Here, I section the RGB cube along its R axis arbitrarily, and the Lab volume along its L axis. On the Lab gamut, I overlay the color space's "neutral axis", which occurs where a=0 and b=0. In other words, all colors on this line have zero hue because they are pure shades of gray. Note that the neutral axis intersects pure black and pure white. Hue and saturation are defined simply as:


  • Hue is a color's angle from the neutral axis, atan2d(b,a)
  • Saturation is a color's distance from the neutral axis, sqrt(a^2+b^2)

With this visualization, you can show that Lab has true value independence by converting any frame to grayscale:



Note that in Lab, there is only a single, constant shade of gray within the cross-section boundary - not so with RGB which has no such constraint.

This framework provides a basis for corroborating Albala's notion of color identity. Since the colors with the strongest color identity occur on the outer surface of the gamut volume, we can deduce that saturation is a proxy for color identity. Further, we can take the section area as a proxy for color identity potential at that value:



This is a general result for all hues; as you can see from the cross-section, different hues achieve maximum color identity at different L values. This can be compared with the color swatch chart from earlier:




Here I've superimposed the earlier color swatch chart with the color identity potential plot. The swatches don't necessarily occur at the correct L values, so the result is merely suggestive, but the qualitative fit between the two is clearly strong.

Why Photos Tend Toward Value-Priority and Drab Colors

Modern digital cameras in "automatic" mode are so adept in adjusting their settings under the hood that it's easy to think of their images as objective truth. However, much of this process is actually based on heuristics that are designed to provide decent results over a wide range of conditions. This is ideal for the typical consumer who simply wants to point and shoot with minimal fuss.

However, for those who paint from photos, the automatic settings often provide seriously sub-optimal results - namely, they tend to minimize color identity. This is both deliberate and reasonable: creating a value-prioritized image is algorithmically easy and will usually look decent, whereas creating a color-prioritized image is not straightforward and will be prone to pitfalls. Allow me to illustrate:

Suppose you are the camera's setting adjustment algorithm. You look out at the scene and see this distribution of light:


Note that a scale and units are not provided; a camera is not measurement tool. You simply see that there are some darker regions, some midtones, and some lighter regions. So that the image can be saved and displayed, your job is to fit this distribution into a fixed bounding box:


How do you do this? Approaches vary by manufacturer, but one certainty is that you don't want to saturate any part of the spectrum. This would mean "pushing" any part of the distribution outside of the bounding box, resulting in pure white or pure black. For example:


No good - the lower end is saturated.


No good - the upper end is saturated.


Maybe okay, but there's so much leftover space. What to do with it? You can shift the distribution left or right by as much as 25% without saturating. So which of these 50 different solutions is best? There's simply isn't a good, general-purpose, algorithmic way to make this decision. So what generally happens is that the algorithm simply scales and stretches the distribution so that it's just shy of saturation on both ends.


This requires just a couple hard-coded parameters to work correctly, and is simple, open-loop (requiring no feedback), and almost always produces decent results. Wide distributions are safer and easier to work with, because by design they fit neatly into the bounding box.

This distribution comes from a photo of mine from Yellowstone:


Does the distribution or photo look familiar? In the sense of having a wide, bimodal (two-peak) distribution with few midtones, it's actually very similar to the drab Dutch landscape from earlier. This is no coincidence - the pictures were, in effect, recorded with a very similar process.

So, digital photos have a tendency to be drab for the same reason that 17th century Dutch landscapes did. And by drab, I mean lacking in color identity. What can be done about this?

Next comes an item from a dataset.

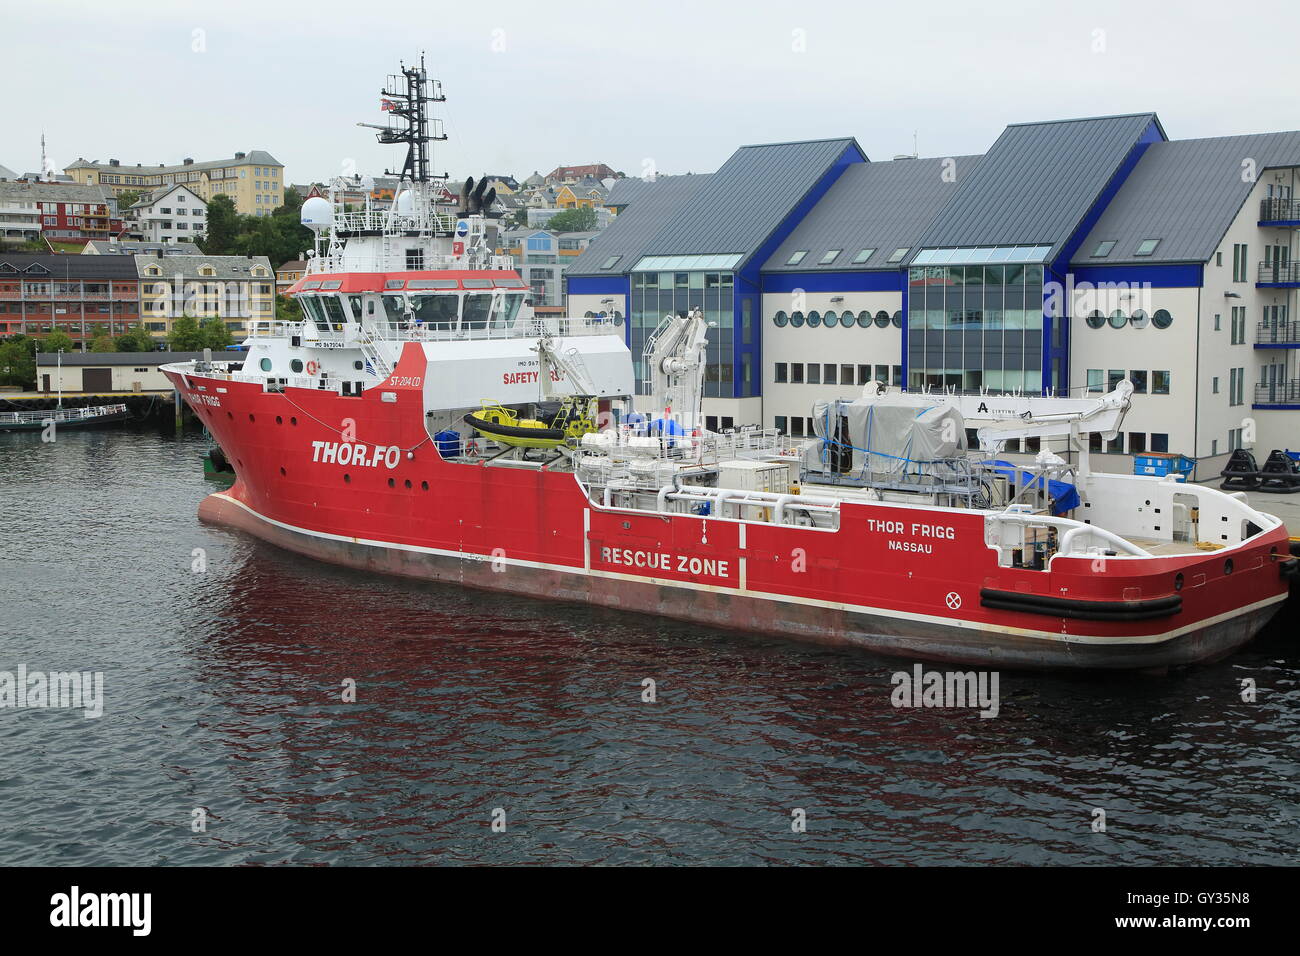 Thor Frigg research survey ship in harbour at Kristiansund, Romsdal county, Norway Stock Photo

How to Shift From Value-Priority to Color-Priority

The Lab color space works well for shifting photos from value-priority to color-priority, or vice versa, for the reasons discussed earlier. To summarize the process in geometric terms:

  1. Store a photo as an RGB point cloud
  2. Convert the RGB point cloud to Lab color space
  3. Manipulate the Lab point cloud using linear transforms
  4. Convert the Lab point cloud back to RGB for display
  5. Repeat from Step #3 until satisfied with result

The linear transforms in Step #3 are simple. For each of the three properties of hue, saturation, and value, the linear transform is defined by an offset and scale which is applied globally to the entire point cloud. Continuing with the geometric analogy, these transforms as a whole enable you to move, stretch, compress, twist, and expand the point cloud in an intuitive and freeform way. It's easy to push parts of the point cloud outside the limited RGB gamut, so the Lab-to-RGB conversion process accounts for this by saturating, or limiting its input before conversion.

Because these adjustments are best done by eye, they require a good deal of tweaking to get right. To facilitate this, I wrote a GUI to quickly get the settings right before exporting. Here's an overview:



A control panel lets you define the scale and offset for lightness (i.e. value), hue, and saturation on sliding scales. There's also a slider to control the quality of the preview, and buttons to restore defaults, compare before/after images, and to export the image at full resolution.




A histogram panel shows the result of the scaling operations, before and after. This is most helpful for shifting value to where the desired level of color identity can be achieved. The functionality for scaling hue is fun to play with, because it can produce wild and impossible color palettes, but for my purposes I leave it as-is.



Lastly, there's a preview panel which shows a downsampled copy of the image with the transforms applied. An alphanumeric string across the top conveys the transform parameters, which are also appended to the filename on export.

There's some skill and taste involved in manipulating photos with this technique. In general, I try to keep the peaks of the value histogram between 20 and 80%, outside of which there is minimal color identity. With the saturation scaling, the offset helps "push" neutrals outward for greater color identity, while the scale helps accentuate the already-vibrant regions of an image.

Demo Gallery

Here are some photos that I've attempted to shift from value-priority to color-priority using this technique, all taken with my 2003 Canon Rebel without any prior modifications. In each photo, the left half is the original and the right half is the result.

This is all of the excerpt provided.